Why we built it
We are all facing the new normal in the whole world. Coming from a health crisis, it is crucial that we follow the new society rules to be in closed spaces.
This means that one with a high body temperature must not enter a room in order to prevent contagions. Once inside a room, it must not be filled to its full capacity but to 30%.
We have seen that in most places there's a guard at every entrance that checks body temperature for everyone that gets in, yet they do it wrong most of the time by measuring in random places such as arms and hands instead of foreheads. Keep in mind that they are the only persons that have contact with all the visitors, if they get infected, chances are that they become a point of mass infection within visitors.
What it does
Utilizing computer vision, temperature sensors, and motors, we can track the forehead of a person that wants to get in a room, then we can keep a log of the temperature of all the visitors with our web application.
By doing a correct measurement of the temperature at the entrance of any room, we can decrease the spread of any disease (including COVID-19 and any others that might come in the future).
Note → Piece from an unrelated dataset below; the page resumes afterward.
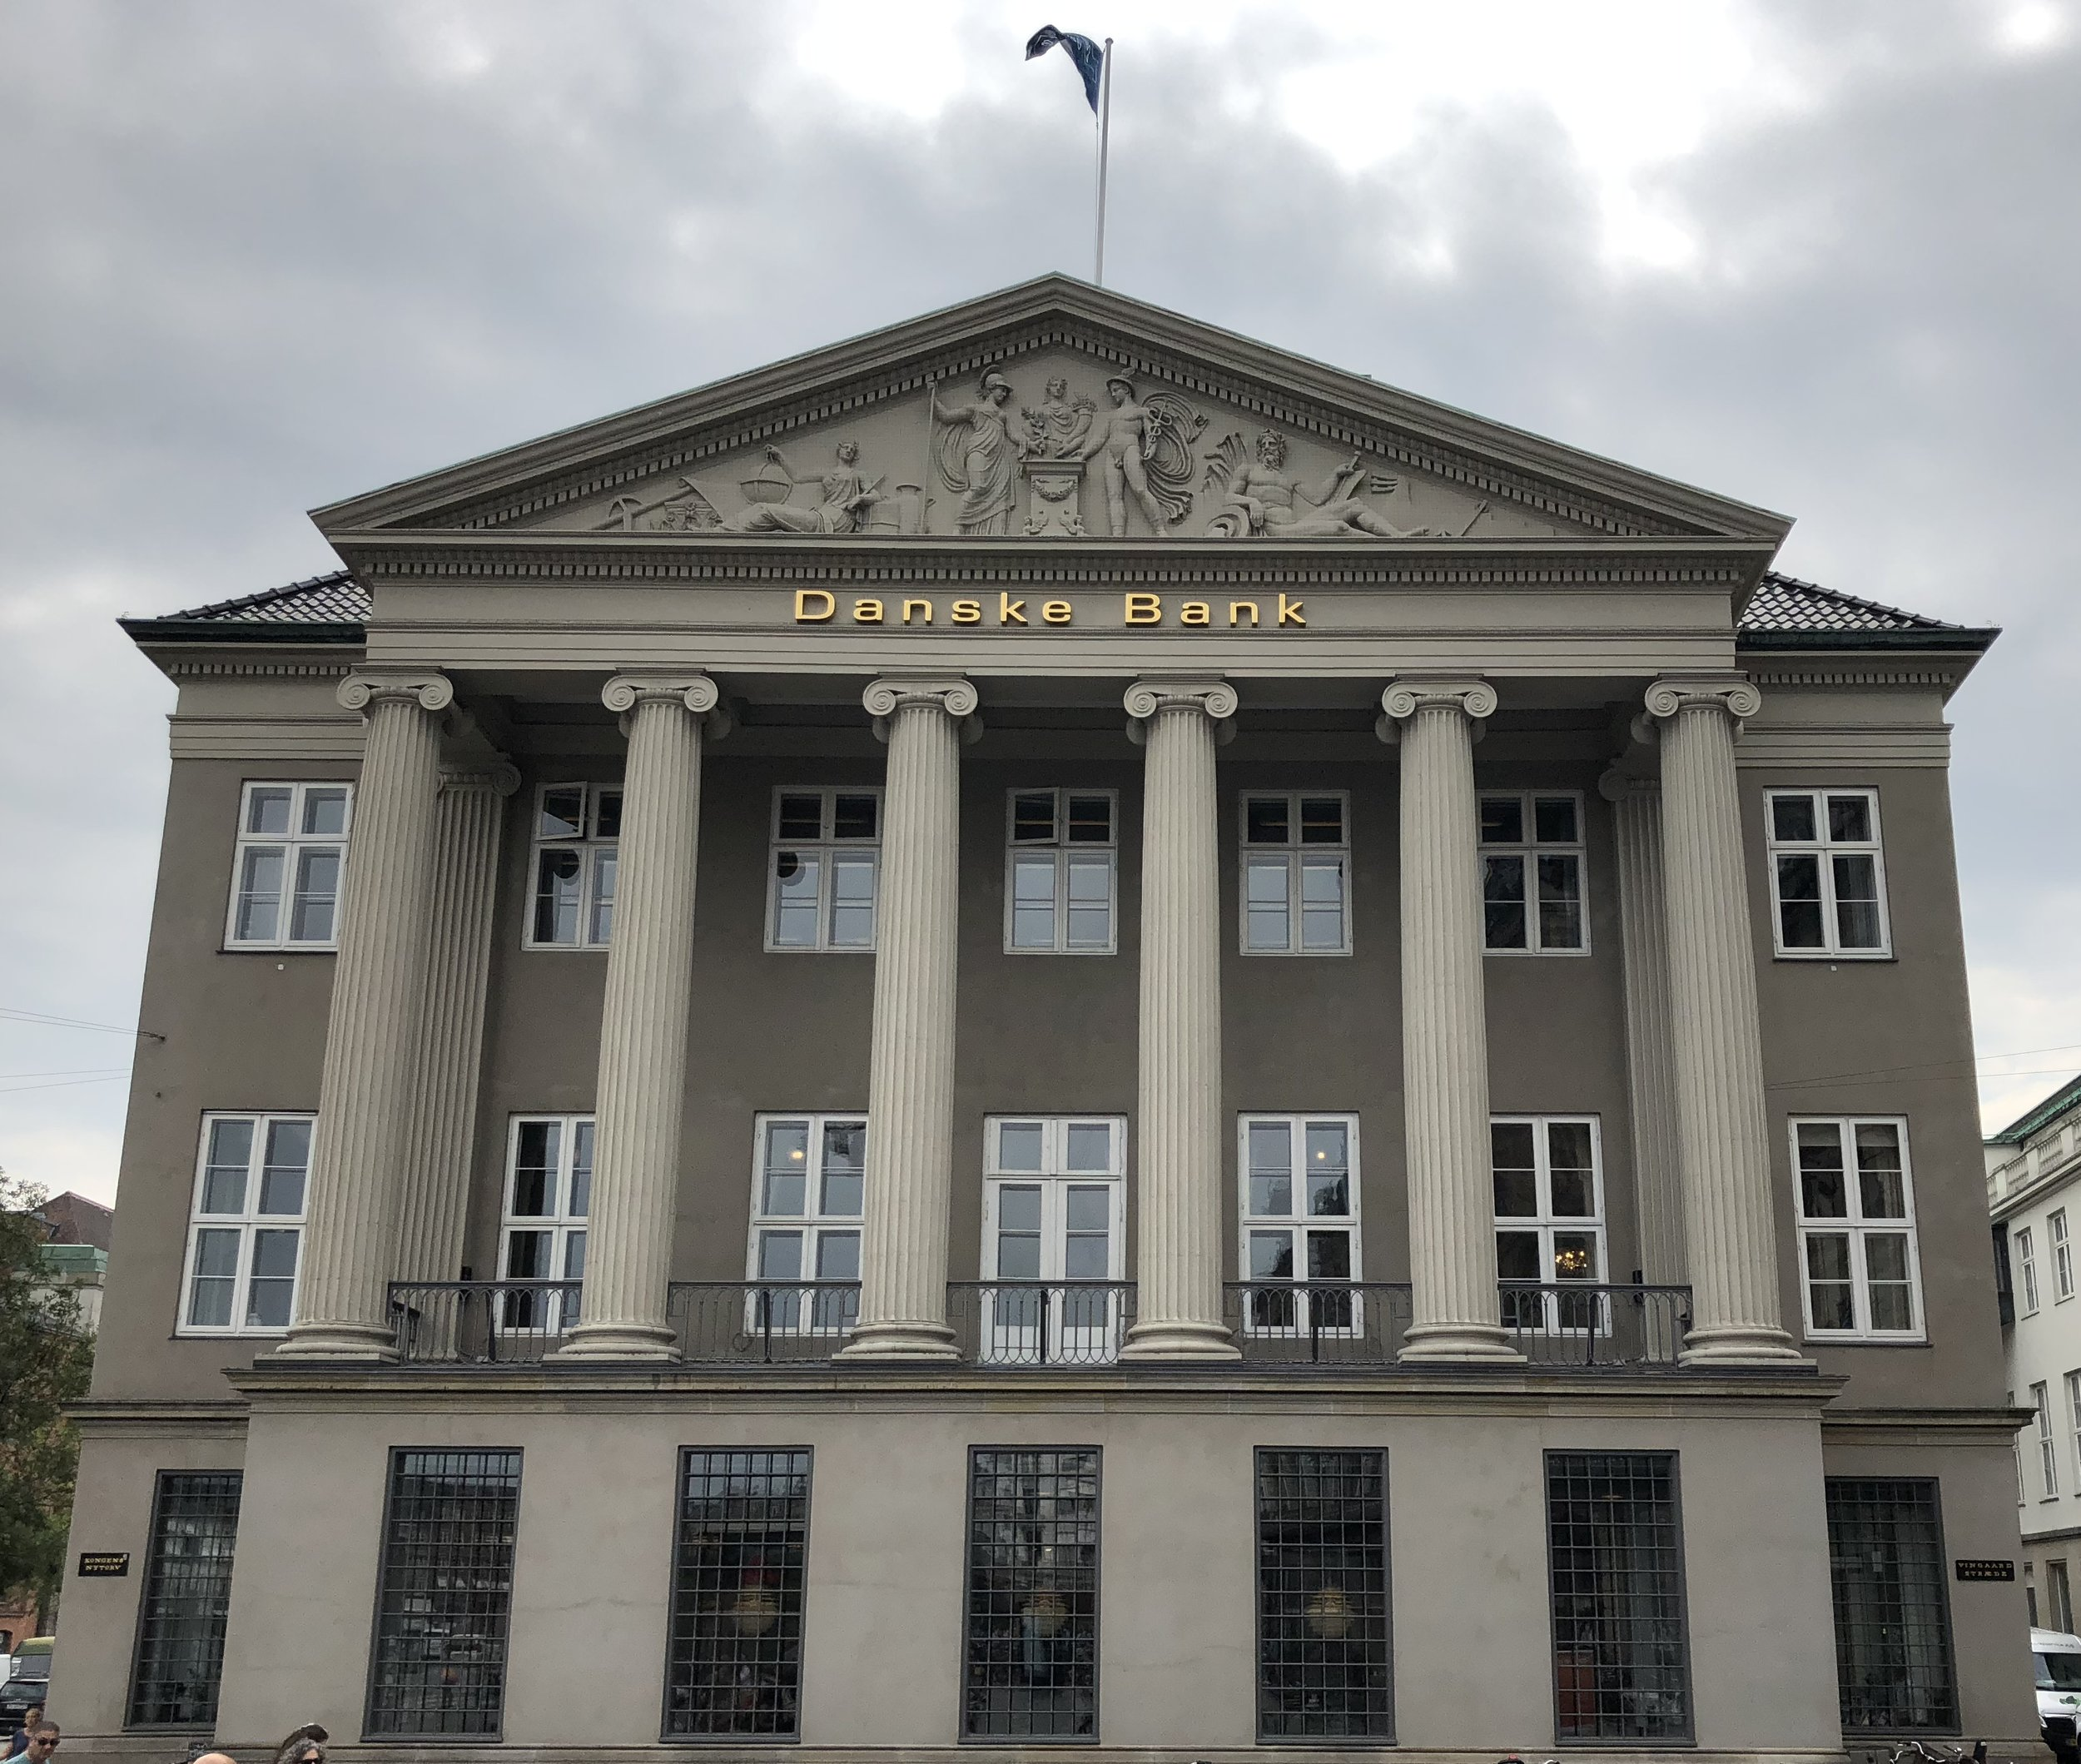 The headquarters of Dankse Bank in Copenhagen pictured in 2018. (Wikimedia Commons)
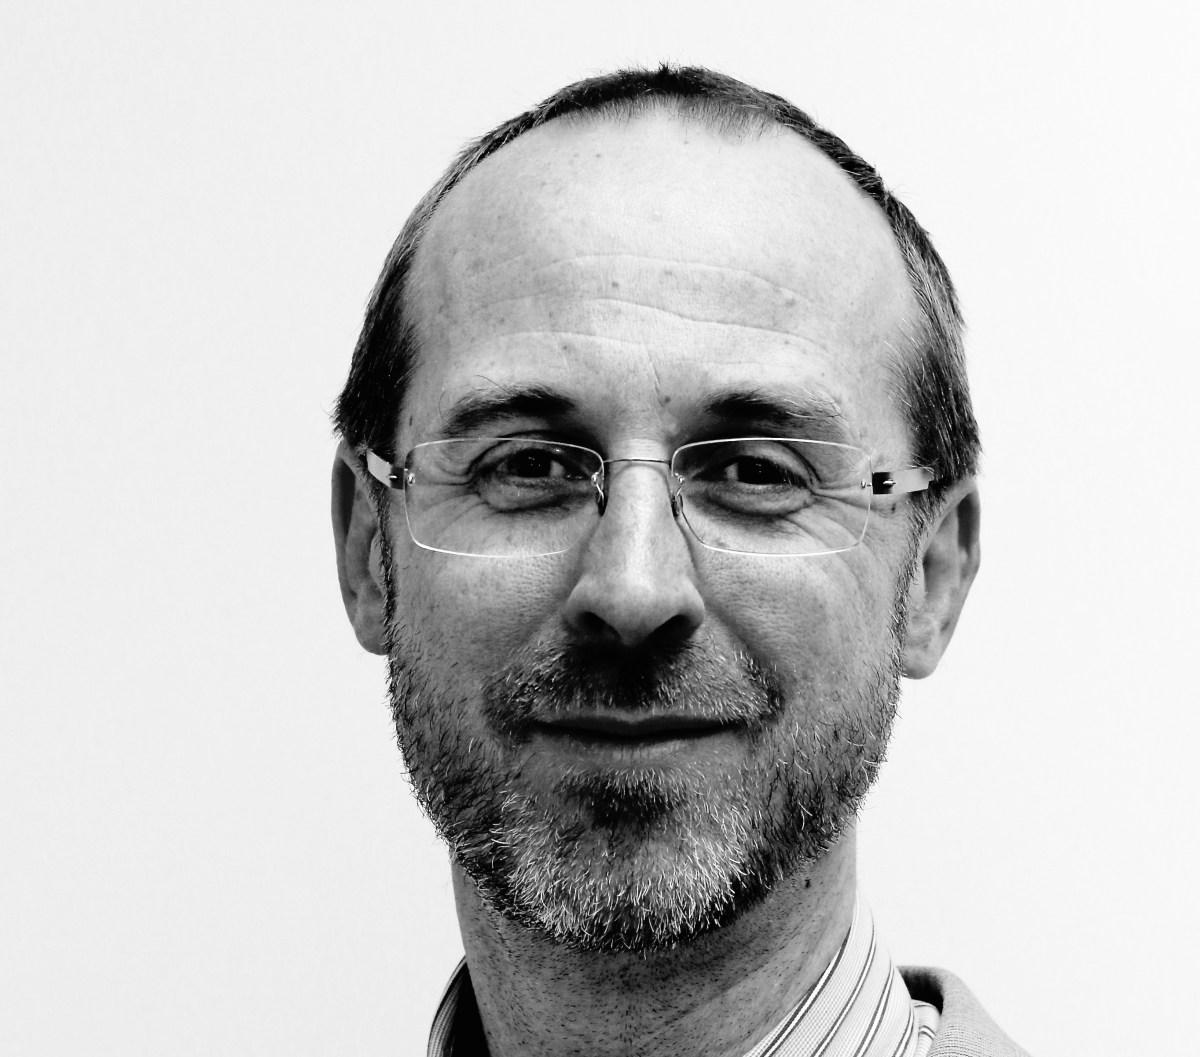 Ludovic Leforestier

Having a log of all the people that go in a room, if someone of the room gets infected within a reasonable time frame, all the users that were near them can be notified so they can take action.
With this temperature log, we can further analyze the behavior of people in the new normal, which remains unexplored since it's very new. This information will be of high value to businesses and group administrators.
How we built it
Firmware Built on OpenCV over Python, developed on Ubuntu 16.04 Haarcascade training for facial recognition and QR readings.
Hardware - Built with a microcontroller that establishes a serial connection to any HTTP capable device with a camera in order to track a person's forehead and measure their temperature. The temperature and id are then posted to a mongo database.
Web App - We created an Express App in Node.js for the back-end of the web app. In Express we defined the routes that we used for the web pages as well as the routes for the API that the hardware uses to communicate with the database. User authentification is done with Passport.js. The design was done with React.
API and Database We created a RESTful API for the data stored in the Mongo database. From this API, read and write operations can be performed from arbitrary devices such as a camera or any other HTTP capable device.
Challenges we ran into
OpenCV can be hard to install on Windows, we solved this problem migrating the firmware to Ubuntu. We had several problems with UI because we aren't experts in this area, but this led us to learn about the principles and concepts of UX/UI. Sleep. We haven't solved this problem yet.
Accomplishments that we're proud of
Getting opencv to read qr codes and recognize faces all at the same time was not an easy task, yet we solved it and we are proud of it.
The mathematical model for the motor movement. We developed a mathematical model to control the motors to accomplish the forehead tracking with the data obtained from the webcam. We think this is pretty cool.
What we learned
We learned about the process of converting a simple design or sketch into code in a way that can reflect the usability that we were aiming for. We learned that having knowledge in multiple OS's is important to solve many problems.
What's next for TempLogger
Implement our first prototype in a real room to start refining the process of capturing real data. Implement a room camera to be sure that people are following social distancing rules, specifically the 1.5 meters rule. Analyze the data once we get a substantial amount, a deep learning algorithm might be implemented to alert administrators when there's a potential risk within their groups.